EXERCISE
Set down the data again exactly. Pictures are not part of the copy.

COLLECTED DATA
[Start of Attachment]
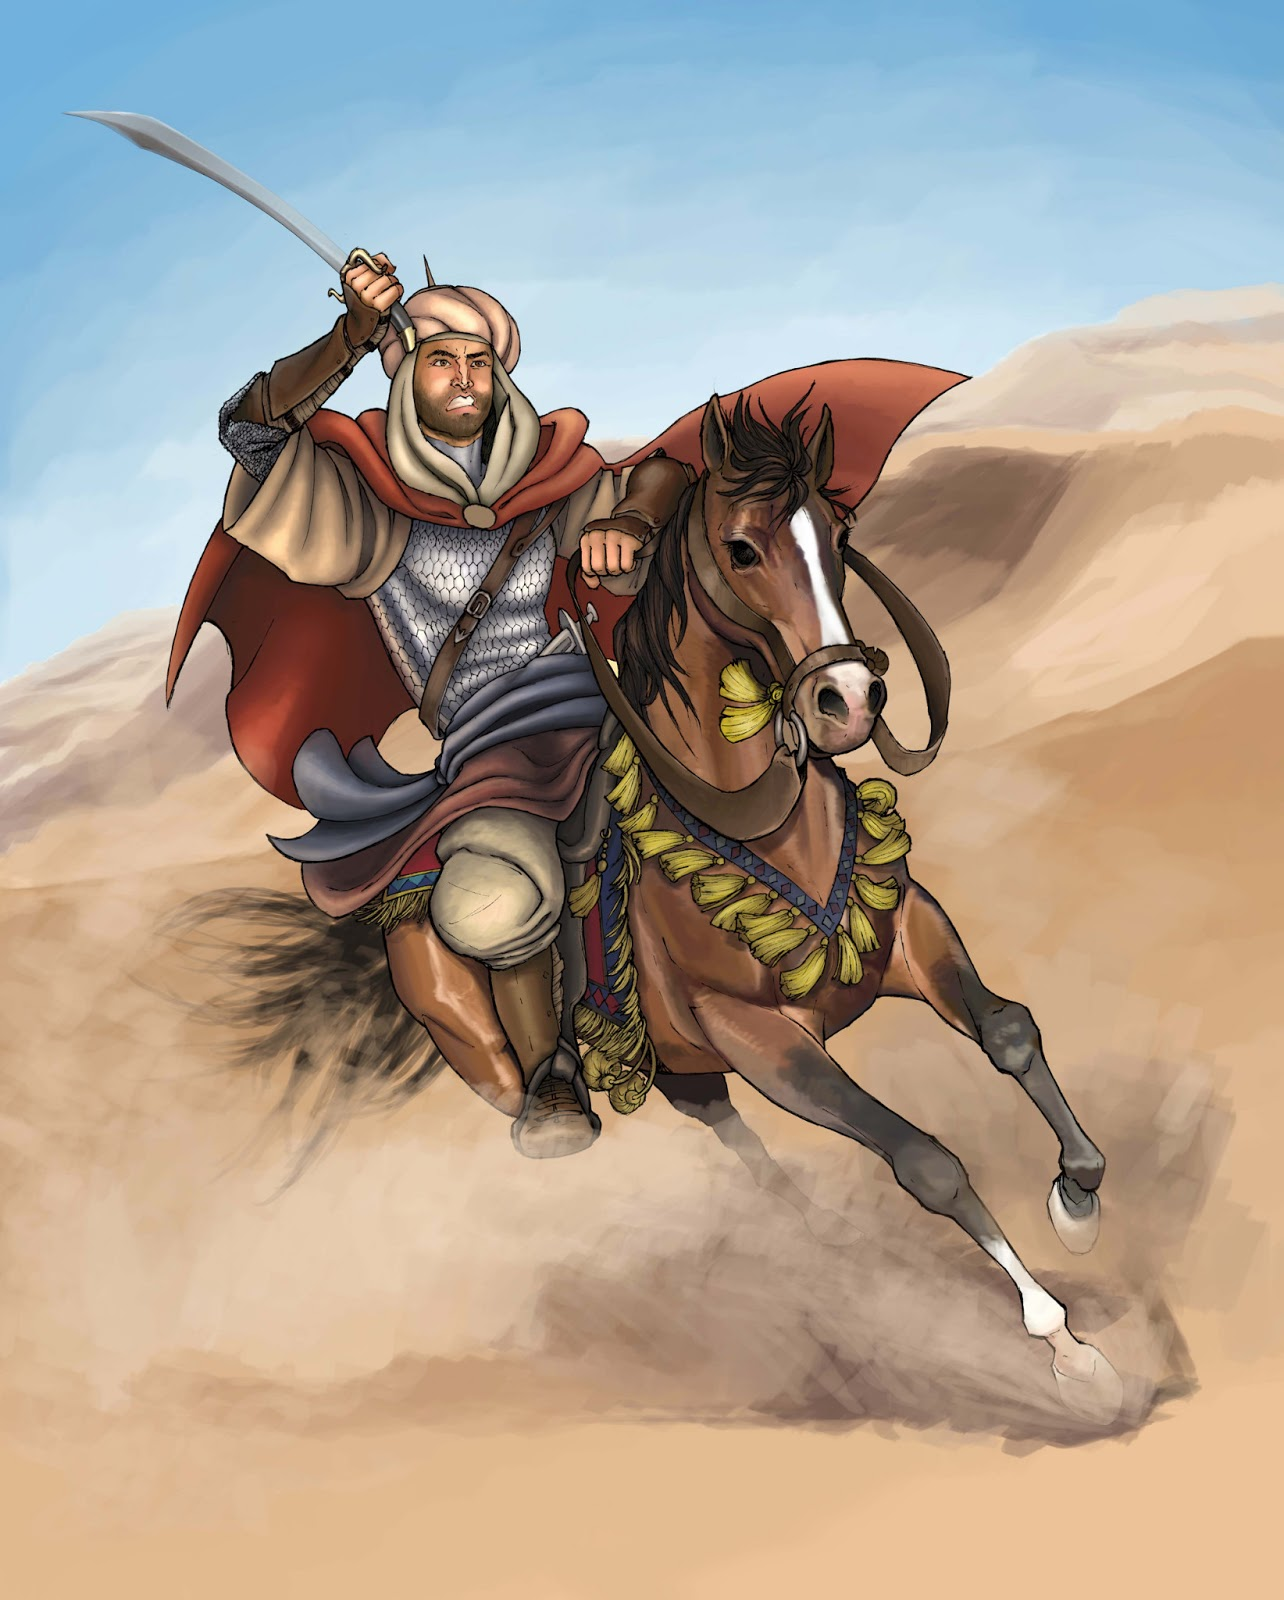 Pejuang Muslim Tentara Islam Muslim Warrior
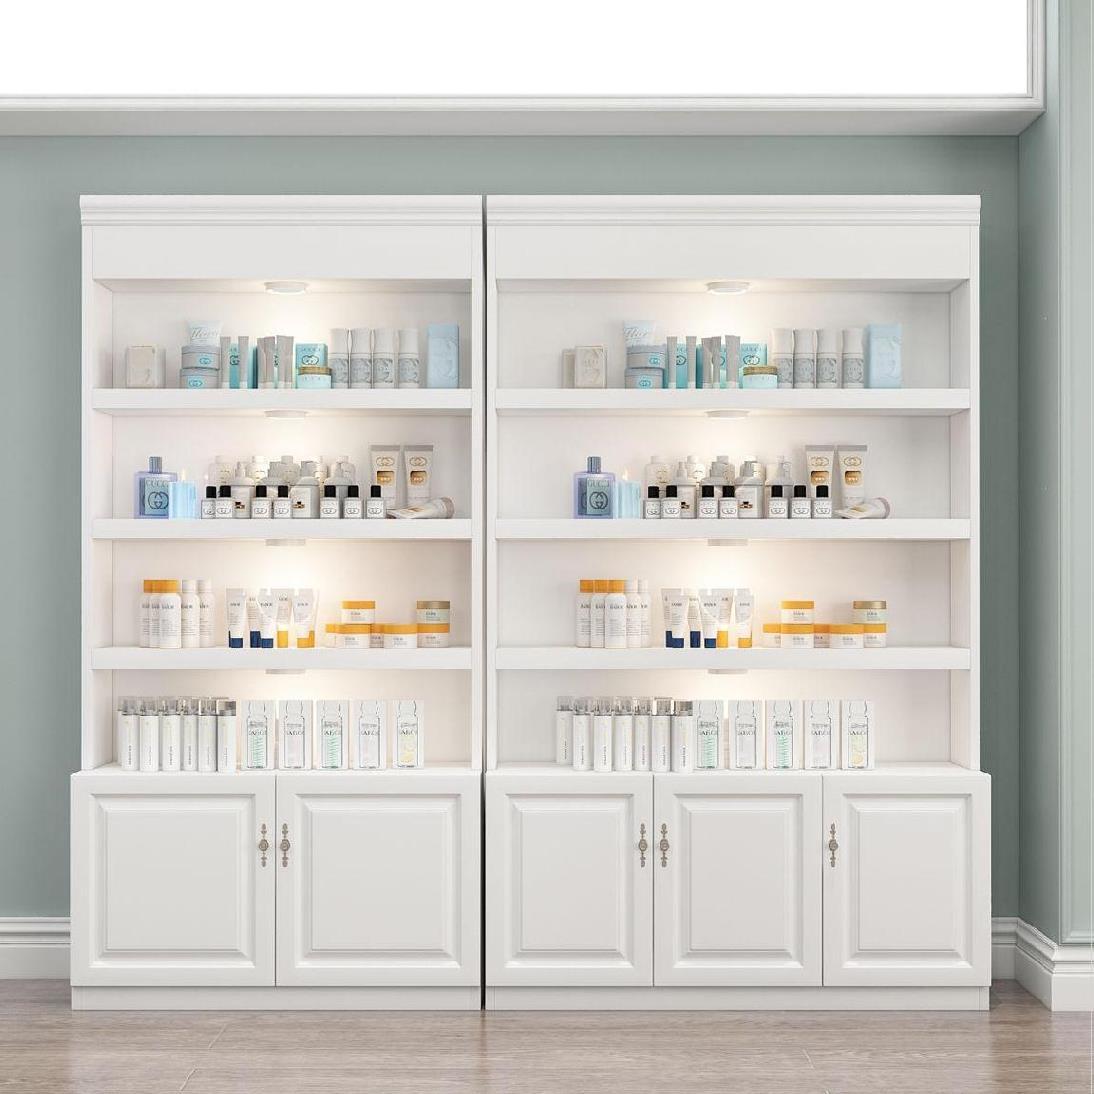 Мебель для супермаркетов / Аксессуары для супермаркетов Артикул 616425762946
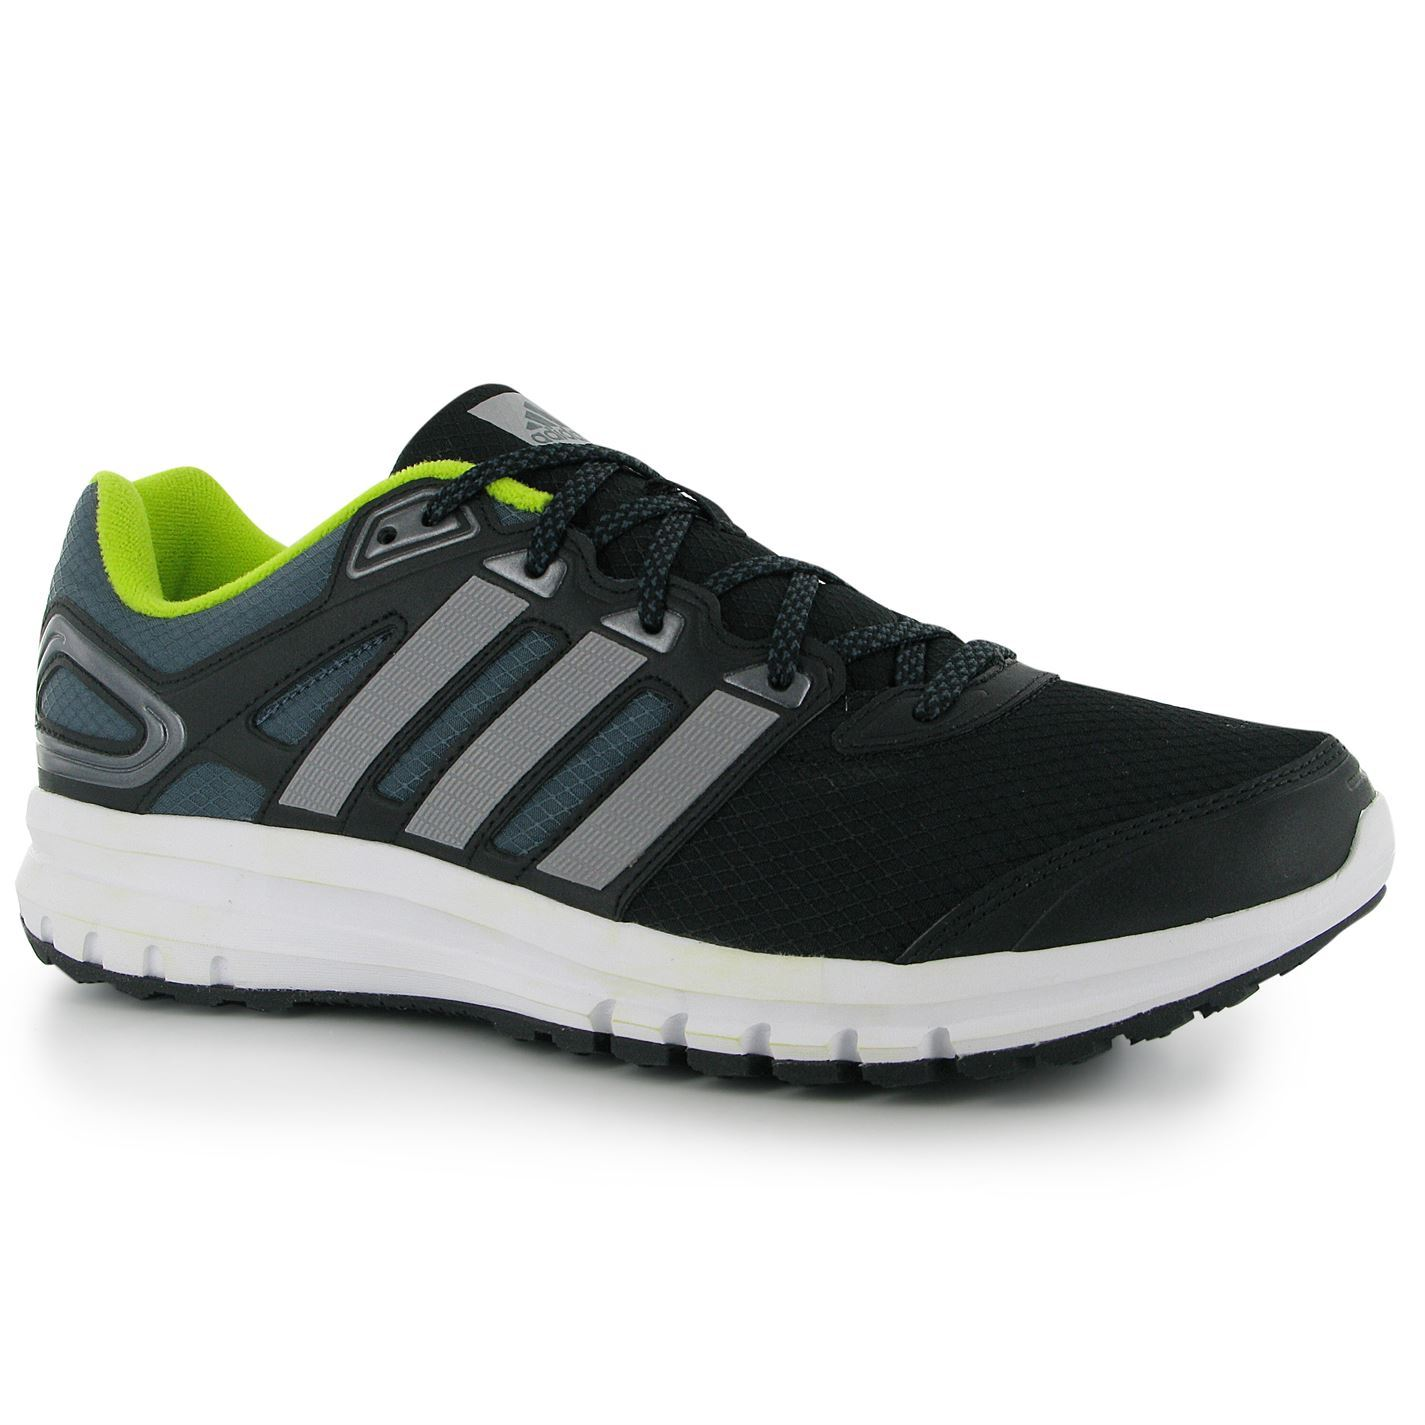 promo code be813 767ea ... Adidas Duramo 6 Mens Trail Running Shoe Trainers Sneakers Footwear  BlkGrySlime ...
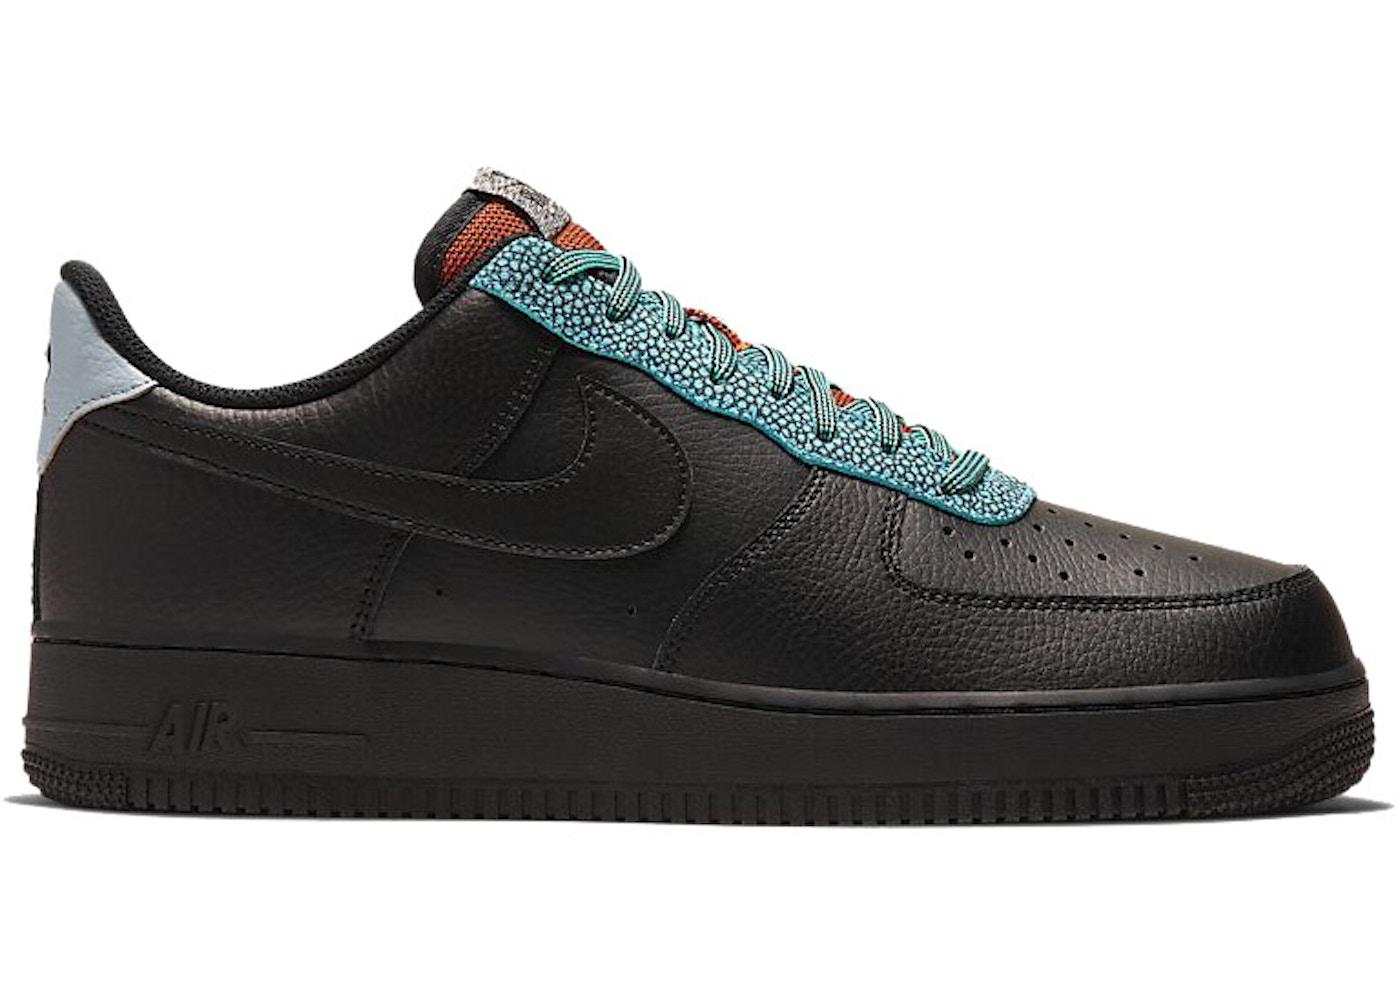 dinámica Proscrito compromiso  Nike Air Force 1 '07 LV8 Black - CK4363-001
[End of Attachment]
SOLUTION BELOW
 Pejuang Muslim Tentara Islam Muslim Warrior
 Мебель для супермаркетов / Аксессуары для супермаркетов Артикул 616425762946
 promo code be813 767ea ... Adidas Duramo 6 Mens Trail Running Shoe Trainers Sneakers Footwear  BlkGrySlime ...
 dinámica Proscrito compromiso  Nike Air Force 1 '07 LV8 Black - CK4363-001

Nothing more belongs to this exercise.